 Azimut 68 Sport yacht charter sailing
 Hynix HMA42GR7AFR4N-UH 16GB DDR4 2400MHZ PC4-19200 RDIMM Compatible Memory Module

○ ○ ○ ○

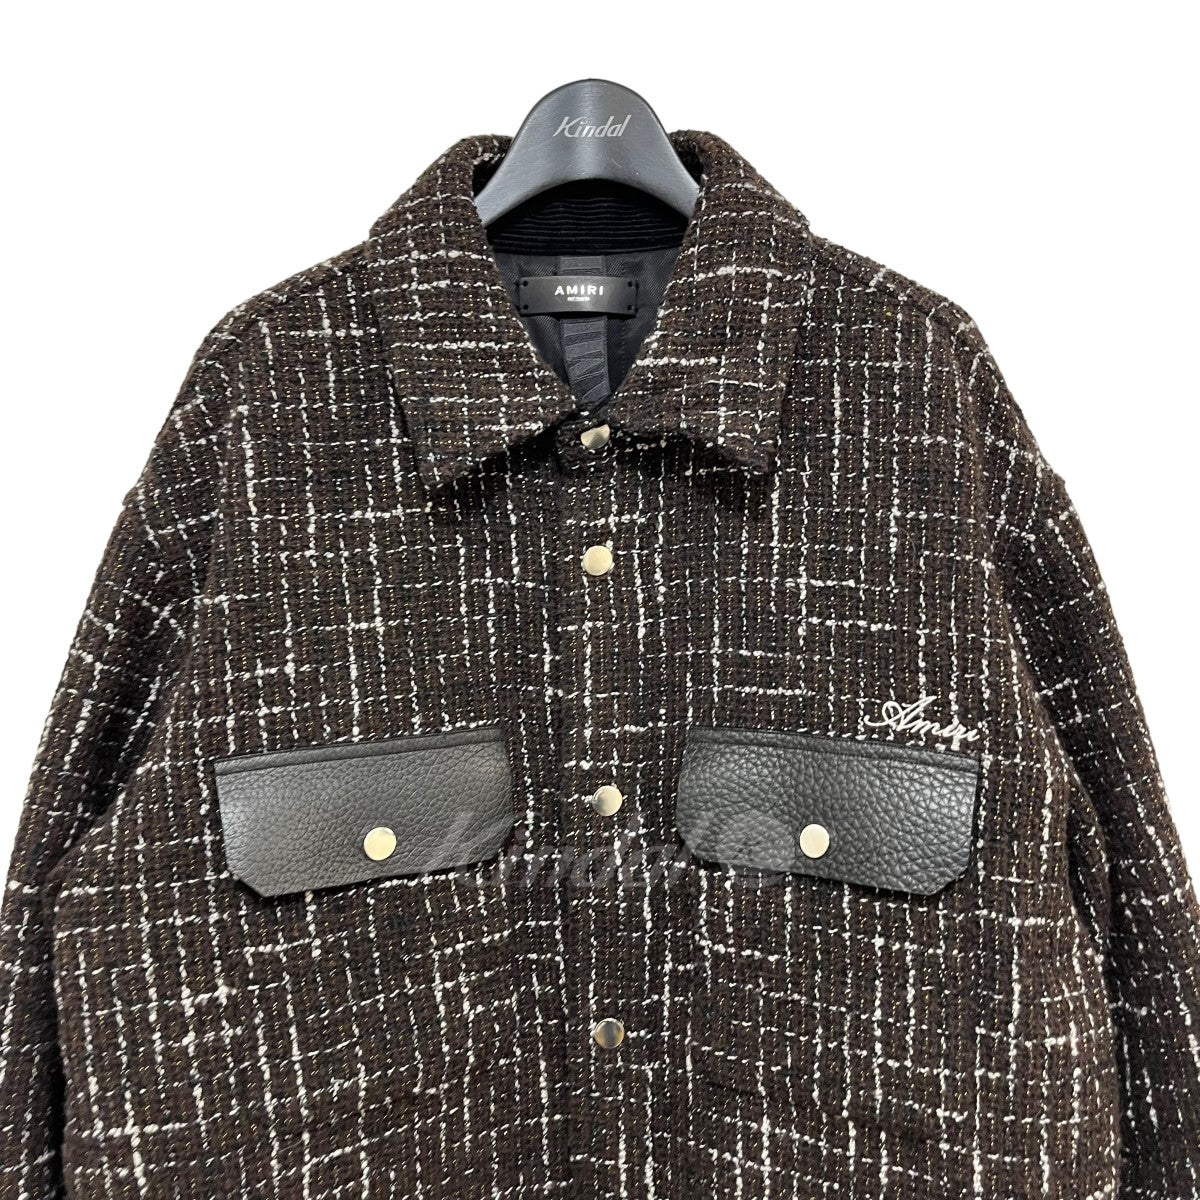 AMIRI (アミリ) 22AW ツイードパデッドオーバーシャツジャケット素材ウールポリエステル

○ ○ ○ ○

Instructions to follow = Out of the listing above, reproduce exactly the lines from the one with "Azimut 68 Sport yacht charter sailing" up to and including the one with "Hynix HMA42GR7AFR4N-UH 16GB".

Task answer =
 Azimut 68 Sport yacht charter sailing
 Hynix HMA42GR7AFR4N-UH 16GB DDR4 2400MHZ PC4-19200 RDIMM Compatible Memory Module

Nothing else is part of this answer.